Era melhor se apressar., já estava quase na hora. Saiu de casa e deu mais uma rápida olhada na sala antes de fechar a porta. Que diabo de sonho havia sido aquele? Bom, talvez um pesadelo normal, como os que Paulo tinha quando era menor. Ah, os pesadelos, quase o enlouqueceram. Uma vez sonhou que uma mulher desdentada e sem cabelo tentava o asfixiar, depois sonhou que um esqueleto invadia seu quarto pela janela em uma noite chuvosa e o ficava observando por toda a noite, mesmo aterrorizantes.
Ele seguiu para o cemitério local. Antes de abrir a porta respirou fundo. Ao entrar, um vento gélido o envolveu. Apertou mais seu casaco e adentro o local. As portas se fecharam atrás dele e ele só teve o trabalho de trancá-las, bom, era uma pequena vantagem, ou não.
Pegou o papel que Marcos havia lhe dado e foi para a primeira tumba. Era uma catacumba branca, com azulejos mofados e tomados por lodo nos cantos. No entanto o trabalho naquele túmulo era apenas tirar as folhas de cima, que caíam de uma frondosa e sombria árvore ao lado. Ele foi até a casinha e pegou a vassoura, começando seu trabalho.
Era simples, qualquer um veria isso, mas parecia que as folhas secas eram intermináveis, algo que fez Paulo estranhar.
Continuava com seu trabalho quando de repente escutou um barulho de baque, vindo do chão. Iluminou o chão tomado por folhas com a lanterna, mas nada viu. Paulo voltou então ao seu trabalho, não podia ficar flauteando por bobagens de sua mente.
Porém o barulho se repetiu. Dessa vez Paulo foi rápido o suficiente para ver que o que se mexia estava embaixo das folhas secas. Ele se agachou e limpou o local, e se assustou ao ver um alçapão misterioso, que tentava abrir, mas estava trancado. Paulo ficou paralisado de medo. Iria correr, mas as pernas já bambas não deixavam.
Resolveu abrir o alçapão, para ver o que seria talvez fosse um rato muito grande ou uma cobra, quem sabe. Ele tirou a alça e o alçapão se abriu de súbito.
Paulo olhou para dentro do lugar, era uma escada, que levava a um túnel, que por si levava a parte debaixo da catacumba.
– Quem fez isso? – Ele indagou para si mesmo.
Tinha de entrar e investigar, ver o que seria aquilo. Ele desceu as escadas enquanto o cemitério estava em absoluto silêncio, apenas alguns sapos coaxavam, mas Paulo não conseguia vê-los.

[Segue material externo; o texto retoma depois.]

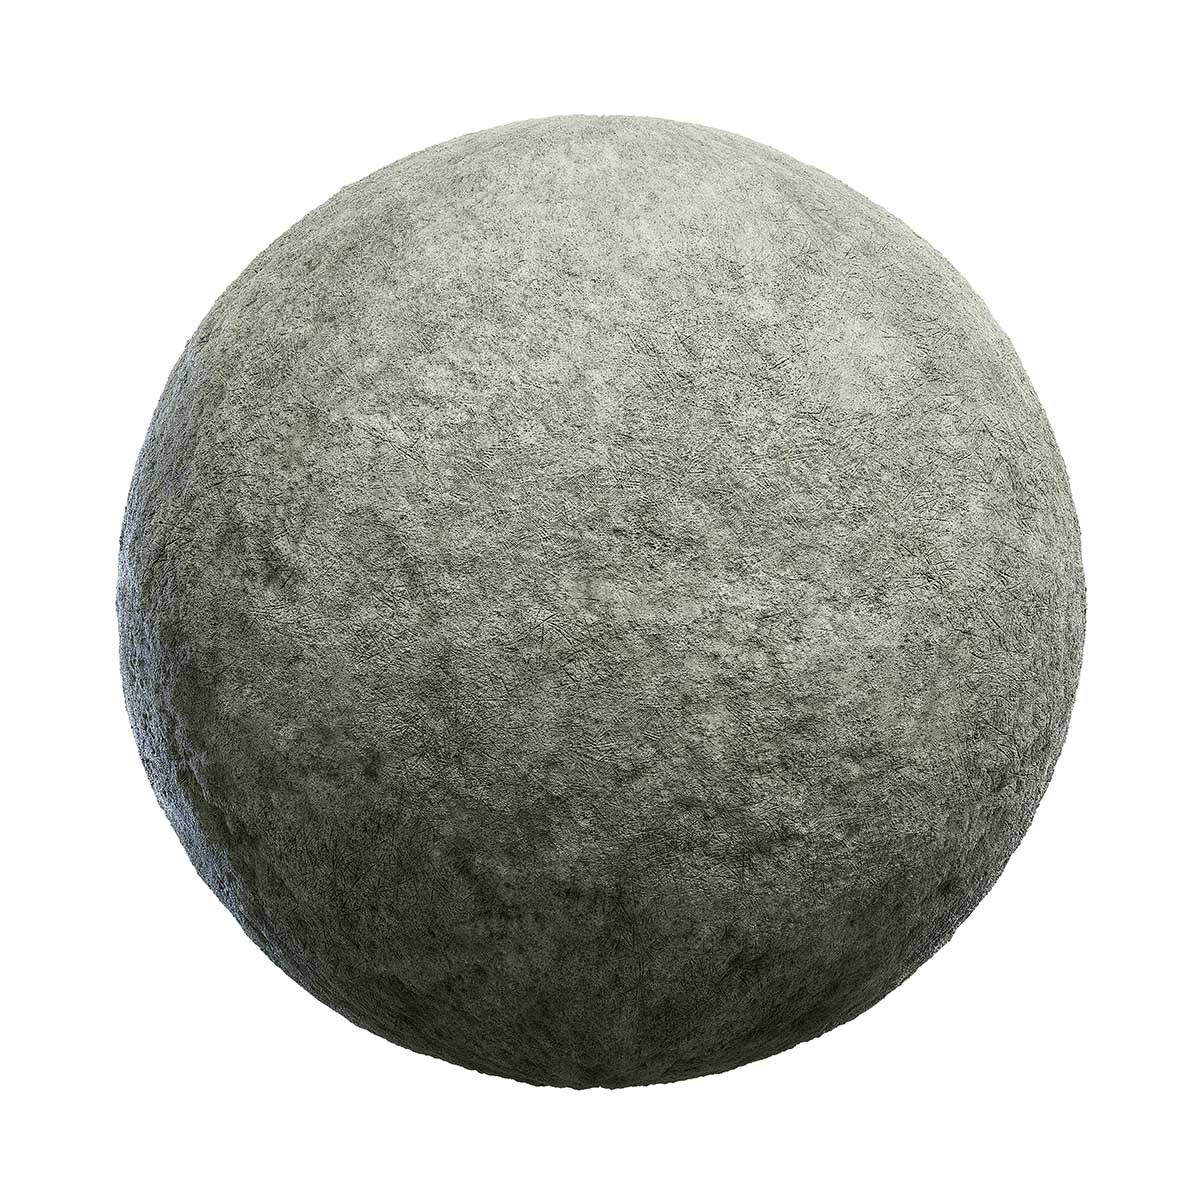 Grey Scratched Clay Ground PBR Texture

Depois de passar pelo corredor se deparou que ficava exatamente embaixo do túmulo. Lá havia um caixão no chão, e dava para perceber que estava sem tampa. Paulo tentou sair dali, mas o alçapão se fechou, deixando ele lá, preso.
– Venha até aqui. – Falou uma voz sinistra e rouca, deixando Paulo assustado.
Foi olhar o que era nervoso. O caixão continuava do mesmo jeito. Paulo tentou gritar, mas o grito não saia.
– Venha até aqui – Agora deu para perceber que a voz vinha do caixão.
– Venha até aqui! –Gritou a voz.
Paulo se aproximou mais do caixão e viu um corpo já um tanto descomposto, era o morto. Paulo olhou bem nos olhos do defunto e viu que eles brilhavam. A boca desdentada se mexeu e deu um sorriso simples, o morto articulou uma frase.
– Não mexa em minha sepultura...
Paulo tentou mais uma vez fugir, mas o alçapão continuava fechado, seria necessário muita força física para arromba-lo.
Olhou para trás e viu o corpo agora em pé, caminhando em sua direção. Em sua boca estava um sorriso maléfico.